November 24, 2004: A force of 5,000 American, British and Iraqi troops began moving through Sunni Arab towns south of Baghdad. More raids in Sunni Arab neighborhoods of Baghdad were being prepared as well. The raids are going after known hostiles and safe houses. Hundreds of men have been arrested, and many tons of arms have been collected.
In the last week, two members of the Sunni Arab Association of Muslim Scholars have been assassinated. The Association has taken the lead in preaching resistance to the new government, elections and any Shia control of the government. This has caused much anger among the Shia majority. While many Shia have expressed this anger by joining the police or army, others have formed death squads, and gone after notorious murderers and hate mongers in the Sunni Arab community. This includes many Sunni Arab preachers. Shia Arabs and Kurds have thousands of names of Sunni Arabs who personally took part in supporting Saddams decades of repression. Nearly all of these Sunni Arabs have fled to the traditionally Sunni areas in, around, and to the west of, Baghdad. But Shia death squads have been going in and killing the murderers and preachers of hate. There are plenty of recent murders and atrocities to motivate these killers. Sunni Arab gangs have taken to setting up roadblocks and stopping Shia Arab or Kurd drivers, and torturing or killing them. The Shia get the most attention, because Sunni Arab clerics preach that Shia are heretics and blasphemers. This is a common attitude among Sunni Arabs, but usually does not result in violence. An exception is the Wahabi form of Sunni Islam. The Wahabi strain is popular in Saudi Arabia, and among al Qaeda members, and has become common among Iraqi Sunni Arabs as well. It's not just revenge minded Shia Arabs who are on to the central role of Sunni Arab clerics; the government has also started to arrest those who are most prominent in preaching hatred against Shia Arabs, and against anyone who denies Sunni Arab domination. The discovery of so many mosques in Fallujah being used as combat headquarters, and full of anti-Shia propaganda, has made it easier to go after the Sunni Arab clergy. The discovery of twenty "torture chambers" in Fallujah horrified many Iraqis, who were already angry at Sunni Arab thugs. Seeing the pictures of the blood splattered rooms where Iraqi and foreign kidnap victims were tortured and killed has made it pretty obvious what kind of people Iraqis are fighting against.
The UN, Arab nations and Iran continue to complain of "excessive force" in fighting against the Sunni Arabs. But to most Iraqis, too much restraint is being used. It all depends on whether you did business with Saddam, or had a friend tortured and killed by him.
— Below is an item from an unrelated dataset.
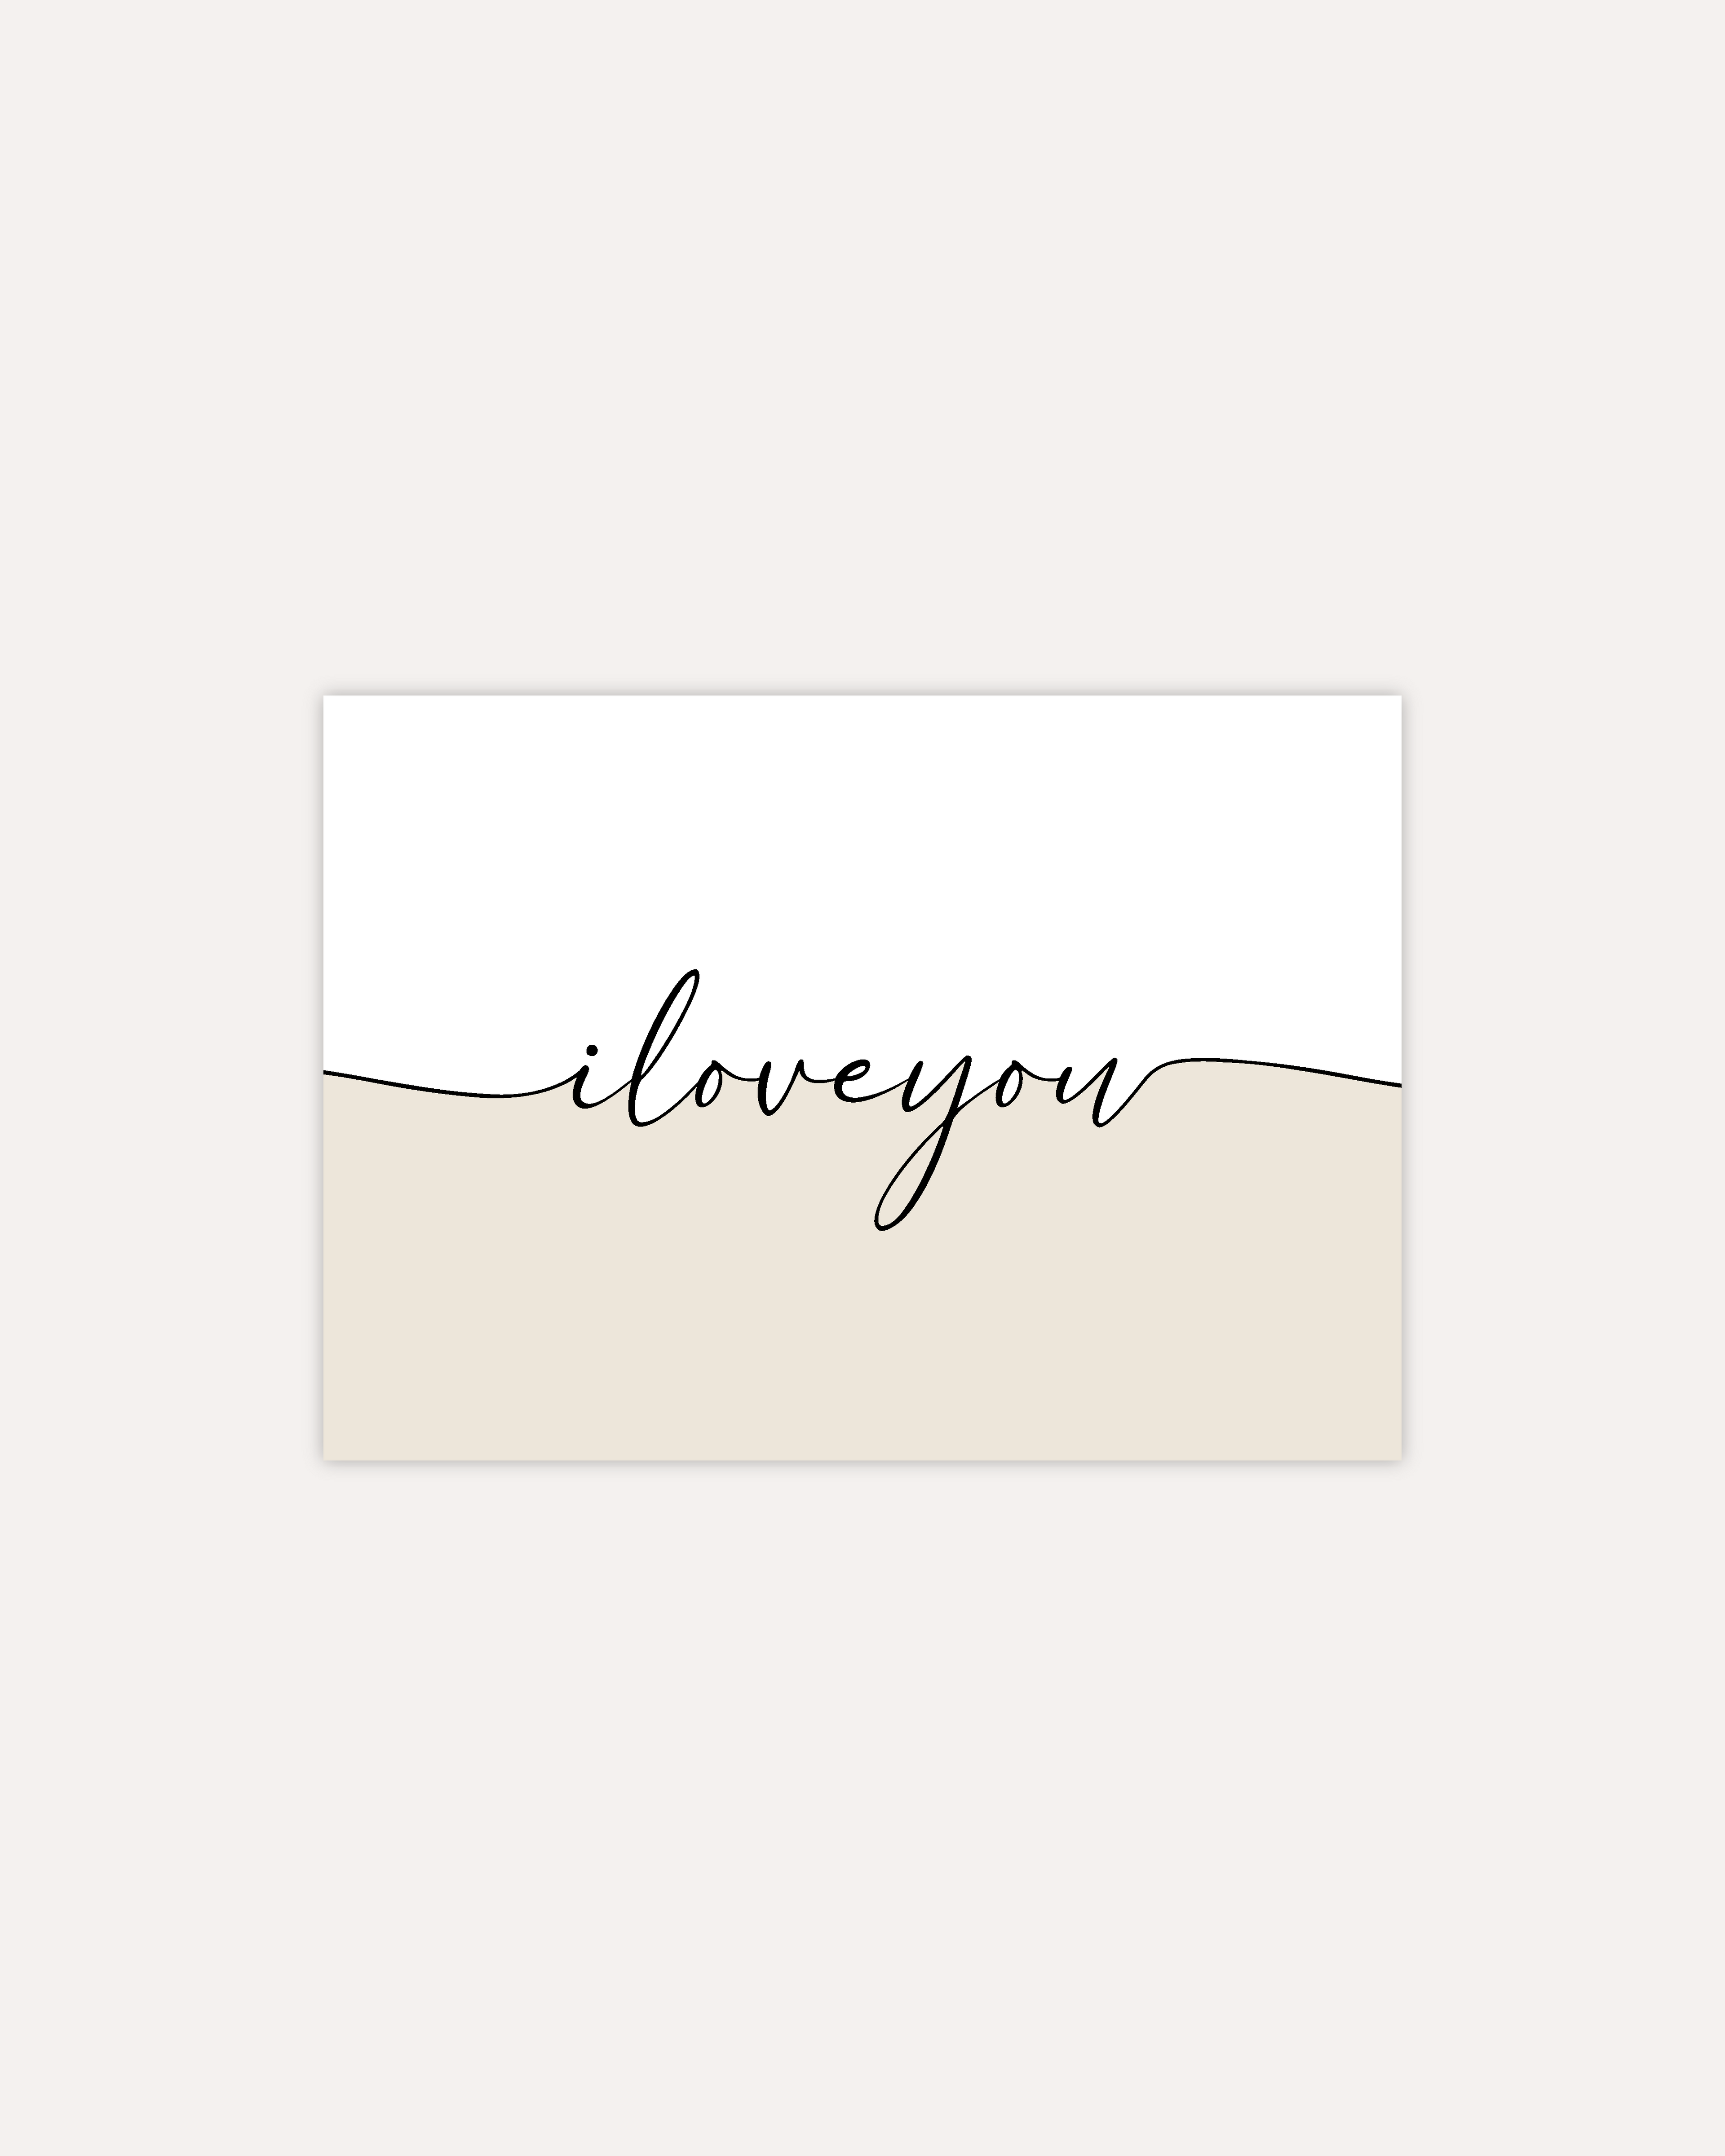 A postcard design reading &quot;I love you&quot; in black cursive writing, that splits the card into two halves. The top half is white and the bottom half is beige. The design is shown on a beige backround.

November 23, 2004: Al Qaeda leader Abu Musab al Zarqawi was recently spotted near Kirkuk, 260 kilometers northeast of Baghdad. Al Zarqawi had to go somewhere, and with a $25 million price on his head, many Iraqis are more than happy to let the police know where the Jordanian terrorist is. Al Qaeda is very unpopular in Iraq, mainly because most of the victims of al Qaeda attacks have been Iraqi civilians. Coalition troops offer smaller rewards for lesser information, like al Zarqawi being seen traveling in an ambulance south of Kirkuk, and possibly wounded. Money is a powerful weapon in Iraq, and has been used lavishly by the deposed Baath party officials who are directing the anti-government forces. Al Zarqawi is thought to be receiving some of that money. While al Qaeda and the Baath party rely on lots of volunteers, you still need cash to run a war. Some things, and some people, have to be paid for. For the last 18 months, coalition intelligence forces, and Special Forces units, have been developing informer networks. Tips from informants inside Fallujah were responsible for the rapid progress of the coalition attack, and the failure of many of the defenders ambushes and boob-traps. Now the coalition money is being spent all over central Iraq. With nearly 2,500 anti-government gunmen dead or captured in Fallujah, those who fled are shorthanded, out in the open, and a source of quick money for sharp eyed Iraqis.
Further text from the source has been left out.